I need to open PDF file is aspose.Words and then I need to do some operations using aspose.words api. Hence I am using following code to open the document.
PdfLoadOptions pdfLoadOptions = new PdfLoadOptions();
Document document = new Document(path, pdfLoadOptions);
However, I am unable to find table of content, table of list or table of figures in opened document. Is there any option to recognize these fields from PDF? I saved document and compare the result, it is importing TOC but in plain text, I can not update TOC.
When you open a PDF document using Aspose.Words, the Table of Contents (TOC), Table of Figures, and similar fields may not be recognized as interactive elements. Instead, they are imported as plain text, which means you cannot update them as you would in a Word document.

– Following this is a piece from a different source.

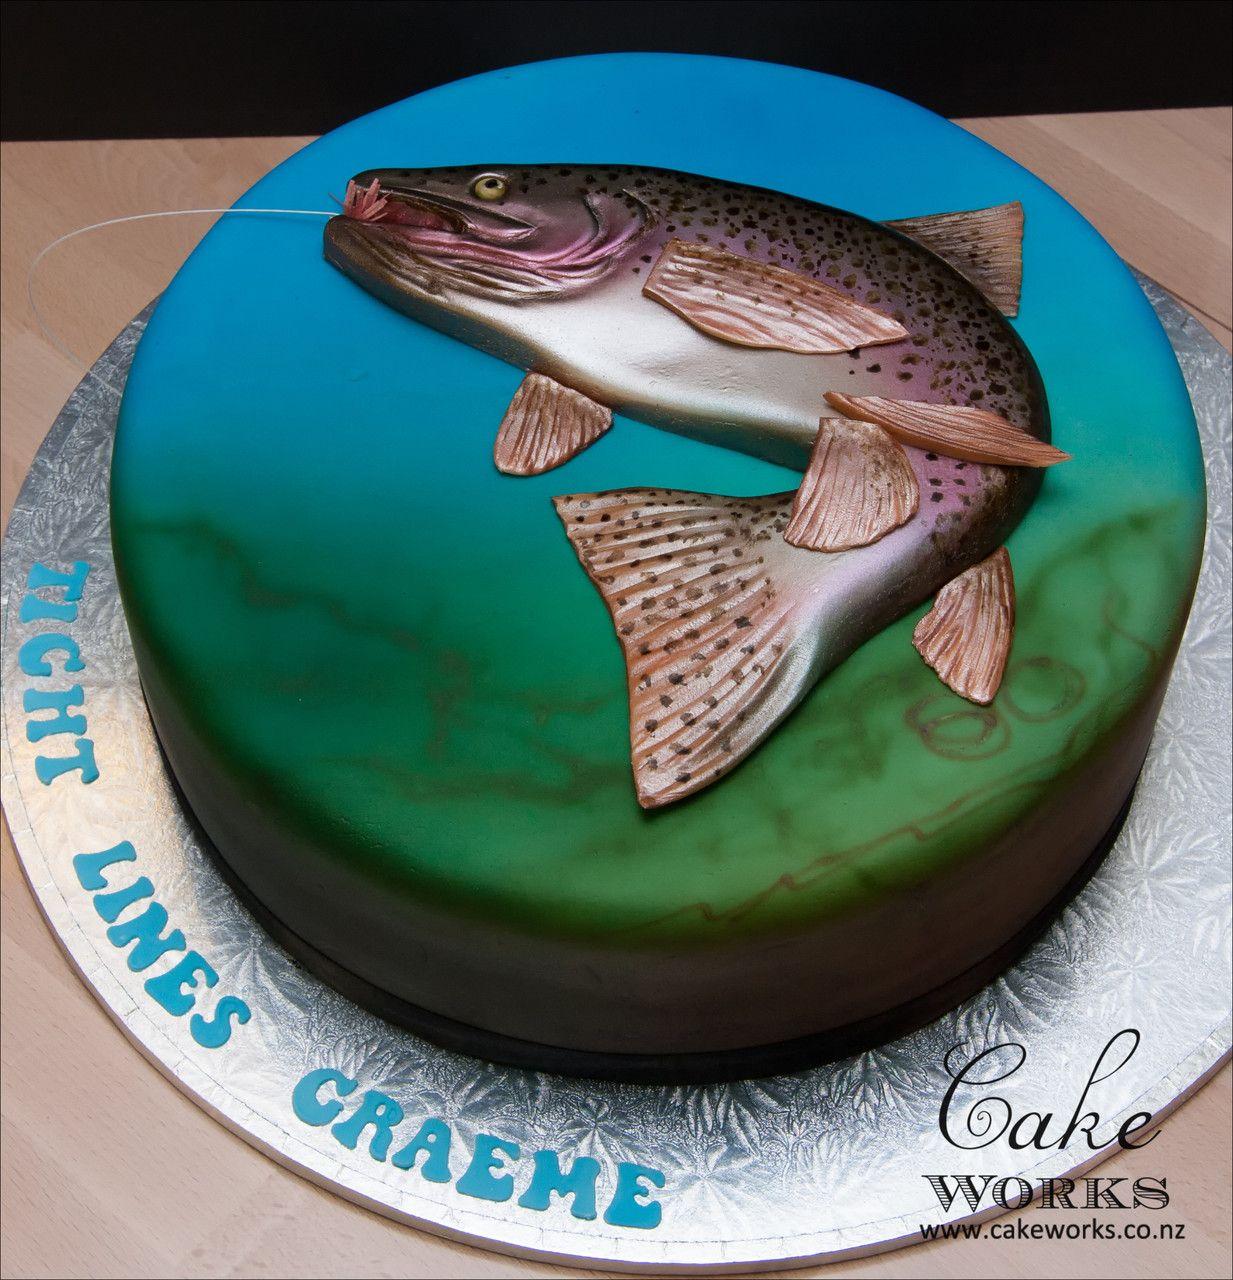 Cake Works New Zealand Whakatane Weddings Birthdays

Currently, Aspose.Words does not support the direct recognition or manipulation of TOC fields from PDF files. The TOC is typically generated in Word documents and may not retain its functionality when converted to PDF and then back to Word format.
If you need to work with TOC in a Word document, you might consider creating the TOC programmatically after importing the content. Here’s a basic example of how to create a TOC in a Word document using Aspose.Words:
Document doc = new Document("path/to/your/document.docx");
// Ensure the document has headings for the TOC
doc.UpdateFields(); // This will update the TOC if it exists
// Save the document
doc.Save("path/to/your/updated_document.docx");
In this example, the UpdateFields method is used to refresh the TOC if it exists in the document. However, since your original document is a PDF, you will need to manually create the TOC after importing the content.
For further assistance, you may want to explore the Aspose.Words documentation or community forums for more specific use cases related to TOC handling.
If you have any more questions or need further clarification, feel free to ask!
@GFari
We have opened the following new ticket(s) in our internal issue tracking system and will deliver their fixes according to the terms mentioned in Free Support Policies.
Issue ID(s): WORDSNET-27353
You can obtain Paid Support Services if you need support on a priority basis, along with the direct access to our Paid Support management team.
You should note, Aspose.Words is designed to work with MS Word documents. MS Word documents are flow documents and they have structure very similar to Aspose.Words Document Object Model . On the other hand PDF documents are fixed page format documents. While loading PDF document Fixed Page Document structure is converted into the Flow Document Object Model. Unfortunately, such conversion does not guaranty 100% fidelity and might be quite resource consuming.
Also in PDF document there is actually no TOC concept. It is represented as a set of cross-references and they are exported as such to DOCX.